In the final analysis, the ethical thing—the right thing to do—is driven by enlightened self?interest. The study of ecology tells us we are part of nature, not above or outside it; it also tells us that what we do to the web of life we do to ourselves. Industrial ecology tells us the industrial system, as it operates today, simply cannot go on and on and on, taking, making, wasting—abusing the web of life. The industrial system takes too much, extracting and frittering away Earth’s natural capital on wants, not needs. It wastes too much. It abuses too much. It takes stuff and makes stuff that very quickly ends up in landfills or incinerators—more waste, more abuse, more pollution. I’m told that less than 3% of the throughput of the entire industrial system has any value six months afterward. We industrialists operate a waste-making machine. And all of us are part of the problem, either as producers, specifiers, users, or consumers.
I believe that a sustainable society depends totally and absolutely on a new mind-set to deeply embrace ethical values. Values that, along with an enlightened self-interest, drive us to make new and better decisions. I also believe that it doesn’t happen quickly … it happens one mind at a time, one organization at a time, one building, one company, one community, one region, one new, clean technology, one industry, one supply chain at a time … until the entire industrial system has been transformed into a sustainable system, existing ethically in balance with Earth’s natural systems, upon which every living thing is utterly dependent. Again, what we do to the web of life, we do to ourselves.

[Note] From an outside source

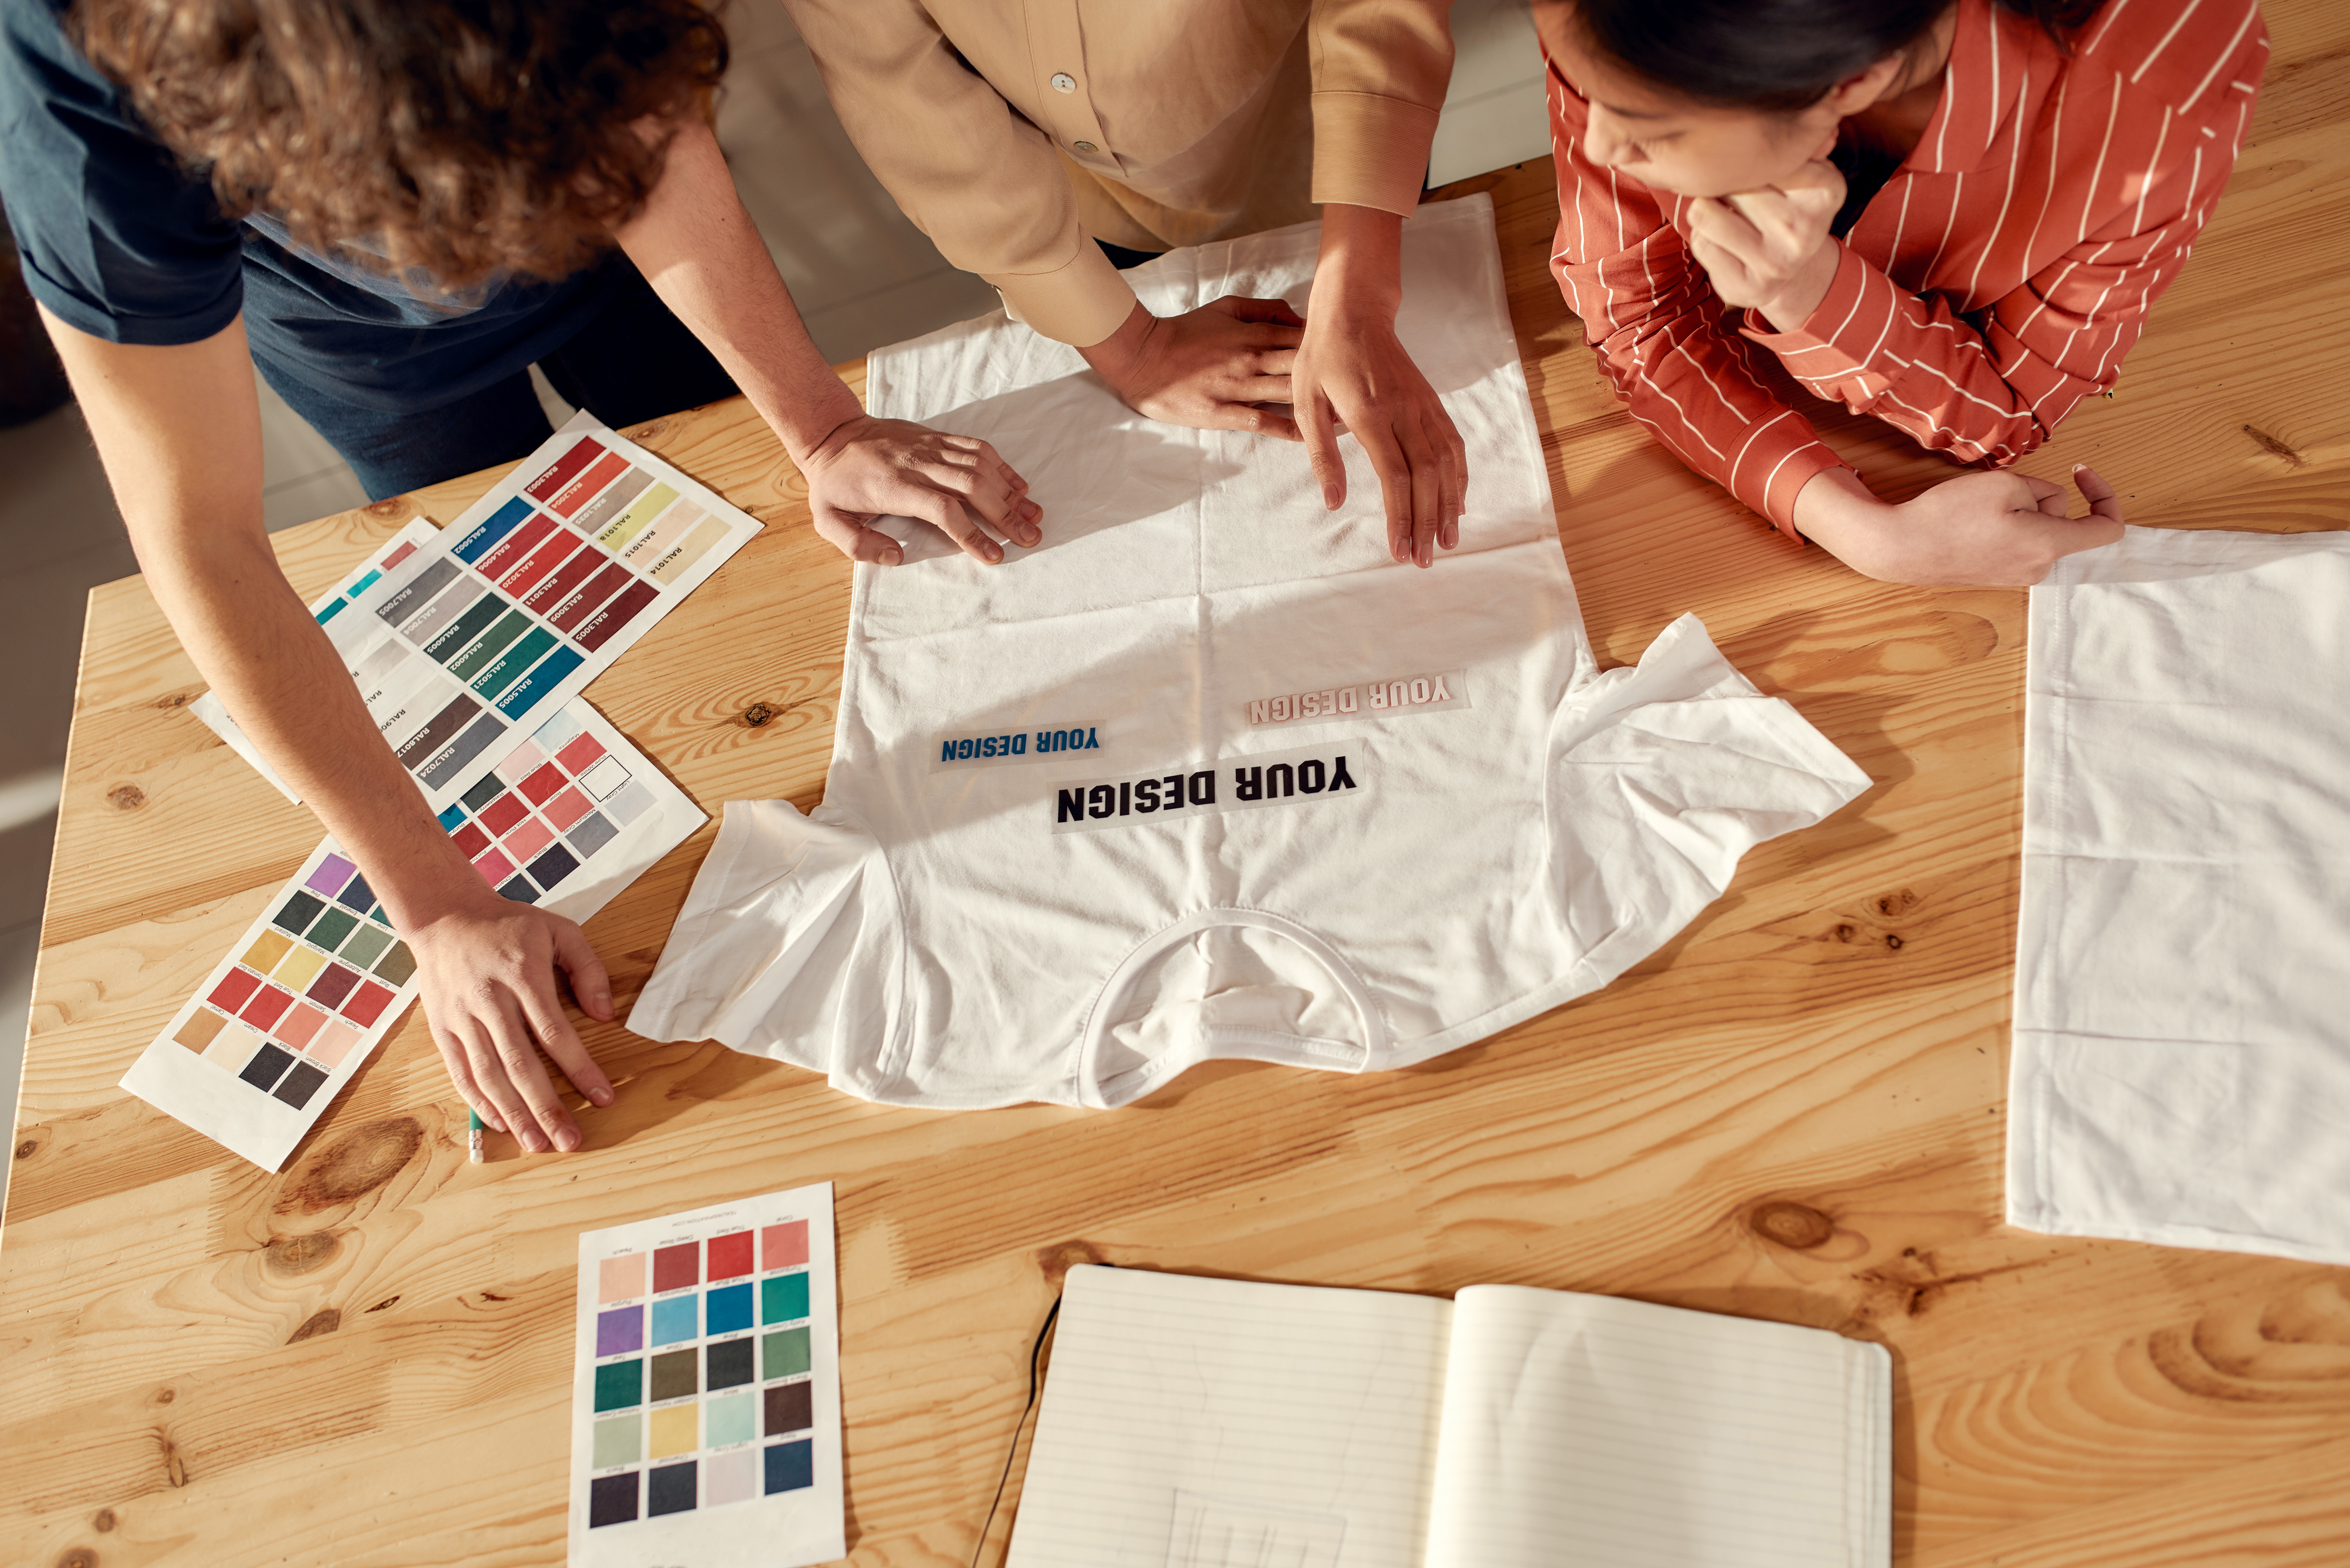 How a Business's Visual Identity Can Boost Customers and Sales

So what about this sacred shrine of growth and affluence, the one that fuels the extractive, abusive and linear technologies upon which we have become so dependent? How do we make the shift? How do we decide, if we are moving toward a sustainable society, what should grow? What should not grow?
Here are some thoughts to stimulate our thinking: The lowest impact technologies, those that are beneficial, (belong in the denominator), should grow. The abusive “numerator technologies” should shrink and eventually disappear. The sale of services should grow. The sale of products should shrink. Applied brainpower should grow. Applied brute force should shrink. Market shares for the sustainable companies should grow. For the unsustainable companies, market shares should shrink—to zero.
Each of us has a role to play because, each of us has power. The power to vote, with ours dollar and our ballots. The power to shape commerce, with what we buy and what we don’t buy. We have power as individuals and collectively, as a community of people. We each make choices, large and small, every day, that translate into power. Power to change the paradigm.
To get where we need to be requires a vast mind-shift that leads to a cumulative and collective mandate: Less stuff, more happiness. Then the revised impact equation can take center stage.
Ray C. Anderson is the chairman and founder of Atlanta-based Interface, Inc., a $1 billion carpet manufacturer, and the author of Business Lessons from a Radical Industrialist, now out in paperback from St. Martin’s Griffin.